100 Front Street West, Floor H

Toronto, ON, M5J 1E3

Full Text
JANUARY 25, 1968
The Challenge For Canada's Equity Market
AN ADDRESS BY John S. Deacon, CHAIRMAN OF THE BOARD TORONTO STOCK EXCHANGE
CHAIRMAN, The President, Graham M. Gore

MR. GORE:

What we call a Stock Exchange has been defined as "an organized market for dealings in negotiable securities issued by, and for the financing of governments, municipalities, public bodies, and business corporations, formed under the law of the countries in which they are incorporated".

In tracing the origin of this formal institution, we must go back several centuries to the informal setting of the coffee house of the day. There groups of men would meet to act as intermediaries between buyers and sellers--collecting a fee for their services.

As business grew, these middle-men formed associations, with rules governing their trading of stock, and these associations gradually evolved into the high complex stock exchange of today.

The Toronto Stock Exchange was established in 1852. At the start, twelve Toronto citizens met for half an hour each morning in the offices of one of their number. By 1861 it was possible to list 36 stocks for trading. Following Confederation in 1867, however, the Exchange expanded by leaps and bounds.

A glance at the stock listings in our daily newspapers reveals how tremendous that growth has been. Specifically, in the year 1967, the Toronto Stock Exchange handled over two million transactions, involving about 820 million shares. The value of shares traded was over three and a half billion dollars, an all-time high for the Toronto Stock Exchange. And, if you can stand one more statistic, you might be interested in the price of a seat on the Exchange. The seats are auctioned off and the price in 1967 ranged from $65,000 to $92,000.

The marketing of securities in Canada is the subject of a special York University study of the characteristics of the supply and demand for equities in Canada, which provides a look at the present structure of the capital market, particularly the stock market, and what the future may hold in this area.

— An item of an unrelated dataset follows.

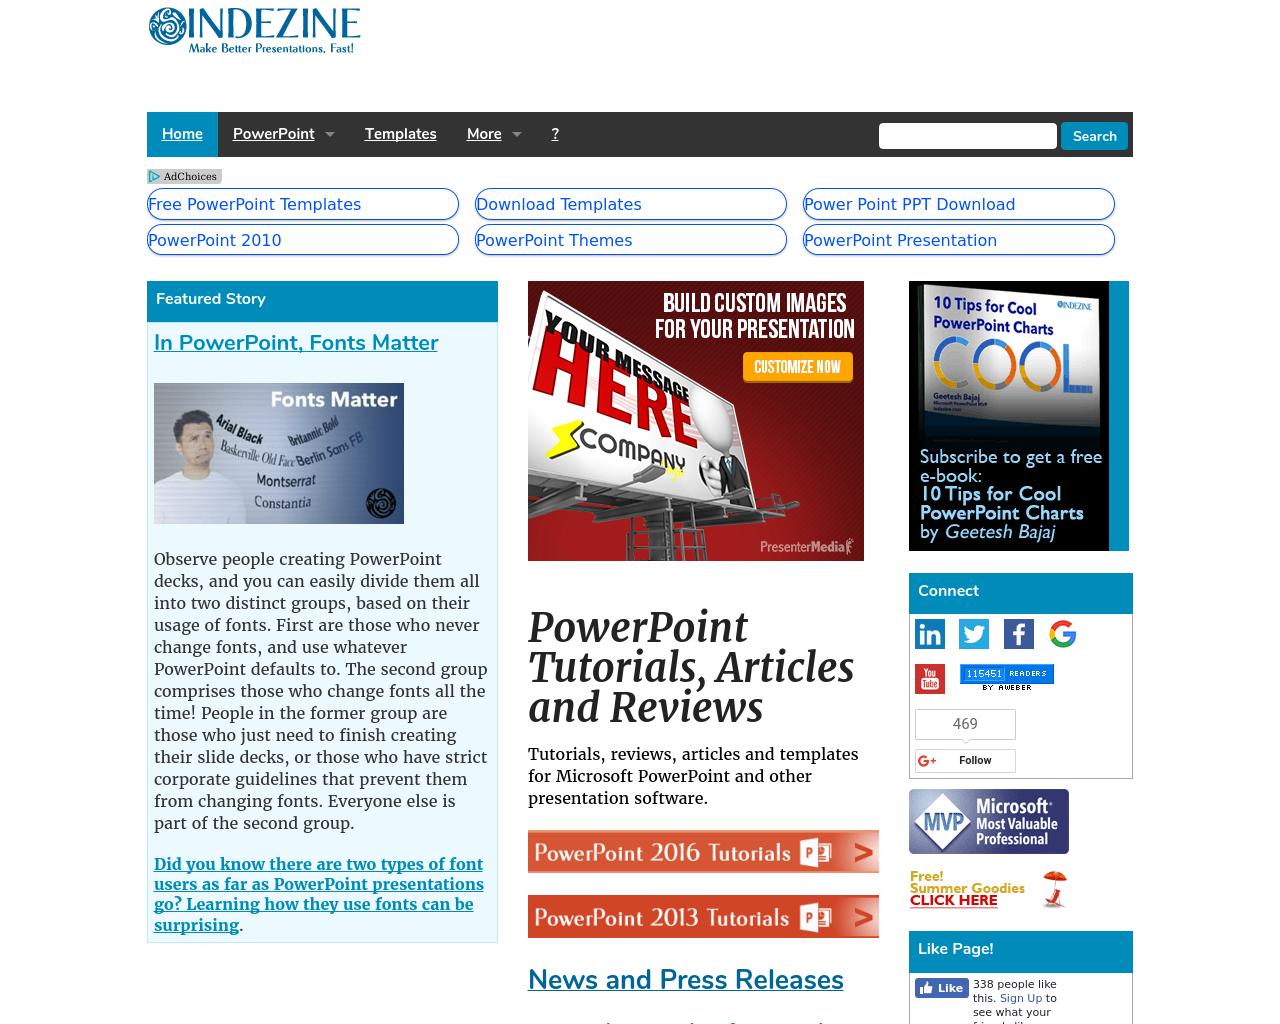 Indezine-Advertising-Reviews-Pricing

The subject is one that has particular interest for our speaker today, Mr. John S. Deacon. It can be said, in fact, that a deep involvement in, and a comprehensive understanding of, the operations of the modern stock exchange, are the professional trade-marks of Mr. Deacon, who is Chairman of the Board of Governors of the Toronto Stock Exchange and President of the Brokerage Firm of F. H. Deacon & Company Limited.

A native of Toronto, Mr. Deacon graduated from the University of Toronto with a B.A. in 1934 and joined F. H. Deacon & Co. Ltd. that same year. He served over seas in the Second World War and retired in 1945 with the rank of major. He was elected to the Board of Governors of the Toronto Stock Exchange in 1960, became its Vice-Chairman in 1964, and its President in 1966.

In a concise booklet entitled The Function of a Modern Stock Exchange which was published in May of last year, Mr. Deacon revealed an authoritative grasp of his subject, befitting his prominence in the securities field. We can look forward to receiving the benefit of his specialized knowledge today as he speaks to us about "The Challenge for Canada's Equity Market".

Gentlemen--Mr. John S. Deacon.

MR. DEACON:

Until very recently, it has been the policy of the Toronto Stock Exchange Board of Governors to have the President do all the speaking on their behalf, and for them to avoid all public appearances themselves. I am here as a result of a change in policy which reflects a recognition by the Board of Governors of their responsibility, not only to the Members of the Exchange but to the investing public. If we are to continue to govern the Exchange, we must make ourselves known personally to this wider constituency and to report to them regularly concerning our activities.

I do not propose to bore you, today, with a repetition of what we have done to mend fences, put out fires, and to improve generally the operations of the Exchange, although we are justly proud of the leadership which our Exchange has shown in our industry. In the past ten years we have brought about a fairly thorough house-cleaning of our segment of the investment industry. The results have been felt right across Canada. Our efforts, together with the new Ontario Securities Act, have created for investors, an entirely new environment of integrity, disclosure, and competence.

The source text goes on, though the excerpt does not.